Magyar Telekom to Stem Cash Flow Drop in 2014, CEO SaysEdith Balazs
Magyar Telekom Nyrt., Hungary’s former phone monopoly, may see a slide in cash flow bottom out next year, helping the company move ahead with acquisitions, Chief Executive Officer Christopher Mattheisen said.
The fixed-line and mobile carrier, controlled by Deutsche Telekom AG, is on the lookout to buy domestic cable and IT companies and would consider acquiring a stake in Telekom Slovenije DD when it comes up for sale, Mattheisen said. Magyar Telekom will also vie in a state tender for mobile frequencies and review its dividend level once it knows more of the sale’s details, he said.
“The free cash flow decline will bottom out in 2014, assuming big-ticket items such as the mobile frequency sale takes place this year or next,” Mattheisen said in an interview yesterday.
The Budapest-based company is struggling to reverse a decline in profitability as special taxes in Hungary and weak economic performance in central and eastern Europe take a toll on profits.
Its shares were little changed at 294 forint at 2:25 p.m. in Budapest, keeping this year’s fall of 21.6 percent stable after hitting a record low of 287 forint on Oct. 14. That compares with a 30 percent drop in the share price of Telekomunikacja Polska SA and a 0.2 percent increase in Czech peer Telefonica Czech Republic AS’s stock price this year.

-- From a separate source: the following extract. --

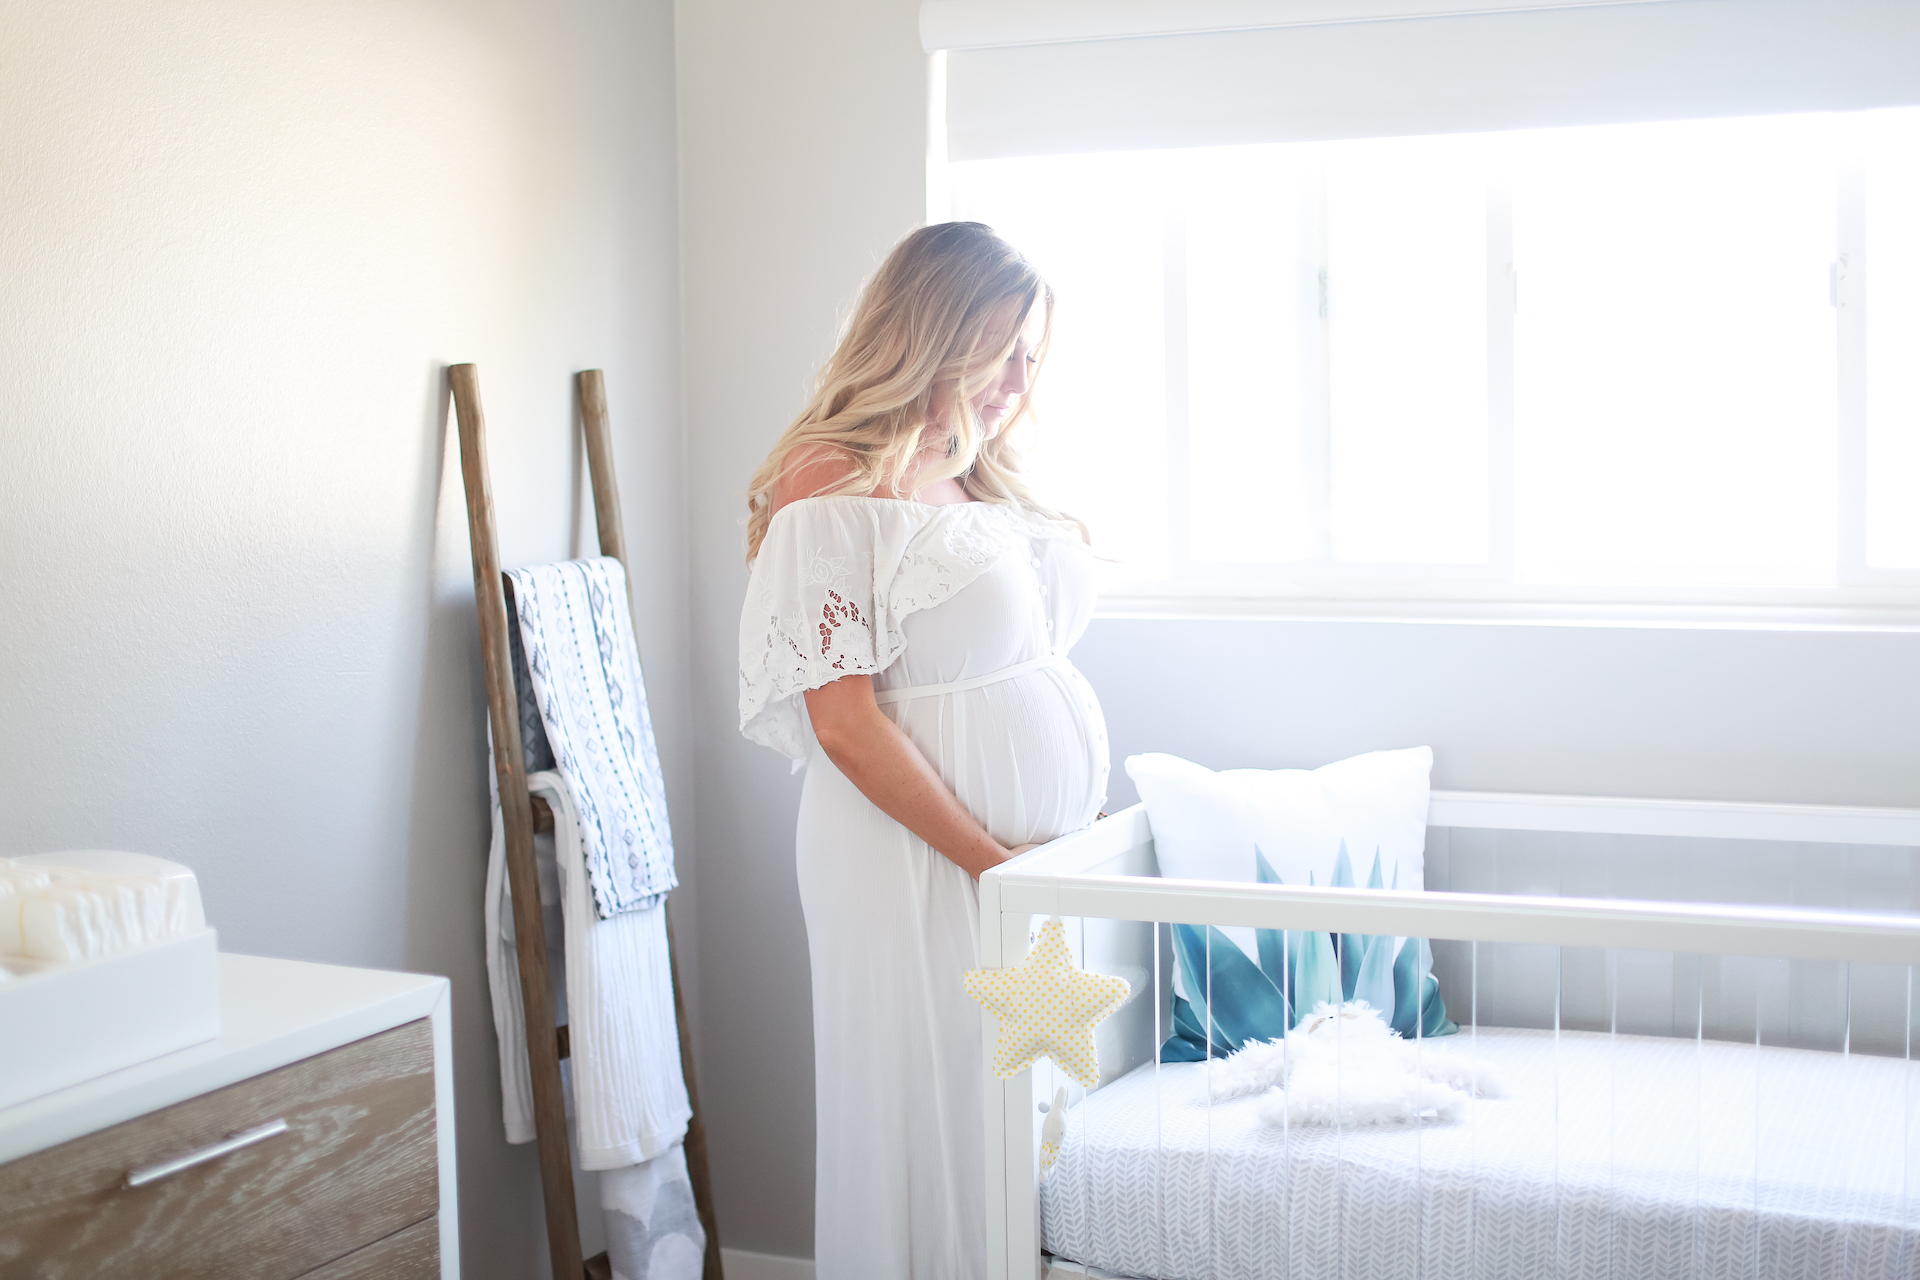 Begin bonding with your baby conceived through egg donation during pregnancy. Find tips for nurturing a deep bond with donor egg baby in this blog by a DEIVF mother!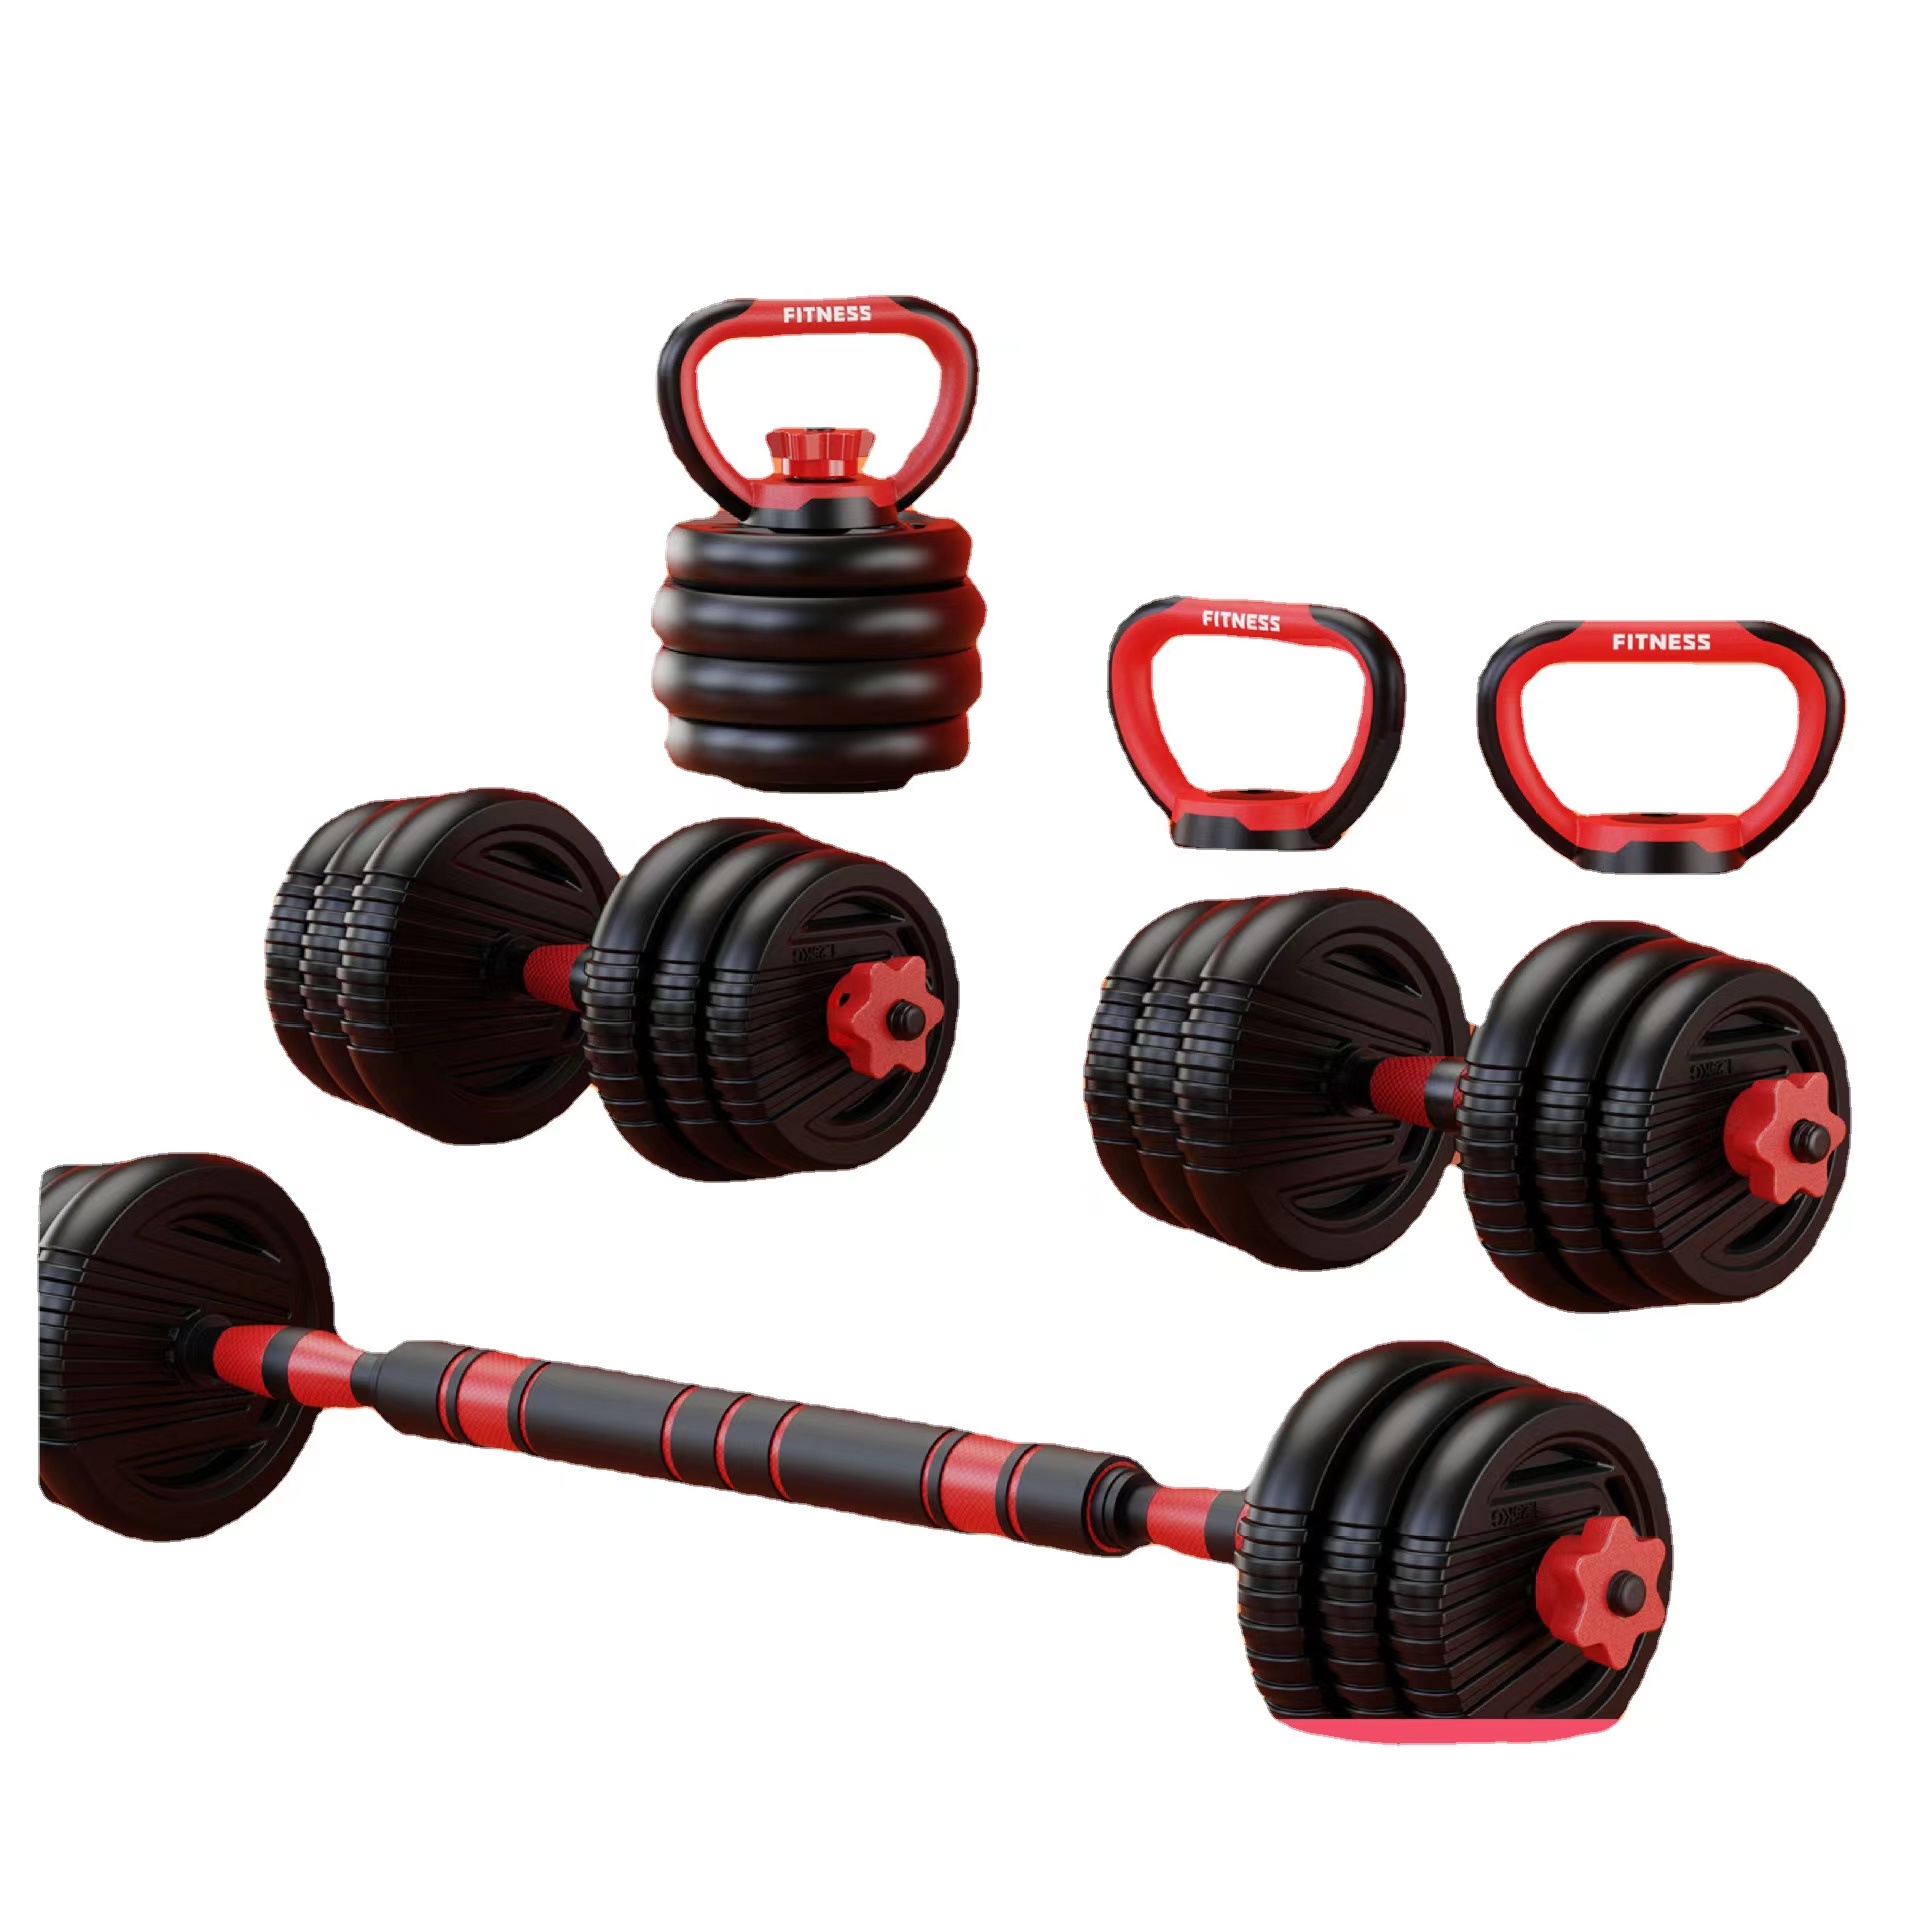 China Wholesale Rubber Hex Dumbbell Black Factories - New cement kettlebell dumbbell sets – Hongyu

Slovenia approved the sale of state-owned assets to prop up its budget in June. It is picking advisers for the sale of 72.7 percent in Telekom Slovenije after it canceled a previous attempt to sell it in March, 2008. Mattheisen said Magyar Telekom would still be interested.
“Acquisition abroad is still a possibility but there’s not much out there on the shelves,” he said. “Most of the basic business reasons why it would have made sense for us to buy Telekom Slovenije in 2007 still hold true now.”
Hungary is also seeking to sell all of its state-owned mobile frequencies. The media authority, known as Nmhh, will start tender procedures this year, Nmhh Deputy Director Gabor Matrai said on Sept. 6.
Magyar Telekom can make use of “any or all” of the frequencies that may come on sale, and the company’s dividend after the 2013 business year hinges on the tender’s timing and scope, Mattheisen said.
“A decision of whether we reduce the dividend or suspend it will have to be made, but this is still ahead of us” he said. “Buying frequencies would mean a bigger hit in the short run from a cash-flow perspective, but in the longer run it generates value for the operator and the customers.”
The tender comes after a Budapest court annulled results last year of a previous sale, citing “serious procedural law infringements.” The regulator awarded a fourth mobile license in January 2012 to a group of state-owned companies and Magyar Telekom, along with local units of Vodafone Plc and Telenor ASA, appealed the result.
Magyar Telekom “had no indication” whether the state-owned mobile company intended to take part in the new frequency sales, Mattheisen said, adding that he’d be surprised if a new commercial competitor tried to enter the market.
Magyar Telekom sees earnings before interest, taxes, depreciation and amortization, an indicator closely watched by analysts and investors, dropping 6 percent to 8 percent next year compared with 2012. That will follow a 9 percent to 12 percent decline this year, and it sees Ebitda once again exceeding this year’s level by 2017, according to management guidance published on Sept. 30.
The company will maintain its dividend policy based on a targeted net debt-to-capital ratio of between 30 percent and 40 percent, it said in September. The 41.8 percent debt ratio recorded at the end of June is a seasonal spike, Mattheisen said, declining to say where it may stand at the year-end.
“I don’t want to make any irreversible structural changes to my business” to reduce the debt ratio, he said.
Magyar Telekom’s second-quarter Ebitda rose 0.3 percent to 49.6 billion forint ($229 million) from a year earlier and net income climbed an annual 14 percent to 12.2 billion forint.
Sales will grow by a 2 percent compound annual growth rate by 2017 with almost a fifth of revenues coming from non-telecommunications activities including energy sales and insurance by then, Mattheisen said.
Energy sales to households won’t be unprofitable even after a second-round of government-mandated utility price cuts come into effect on Nov. 1 after recently modified legislation provides a level-playing-field for all service providers on energy market, Mattheisen said.
“In many ways we will look quite different by 2017, we will be much more an integrated company that offers a multi-play package by default and 3 out of 4 of our clients will be a multi-play customer by then,” he said.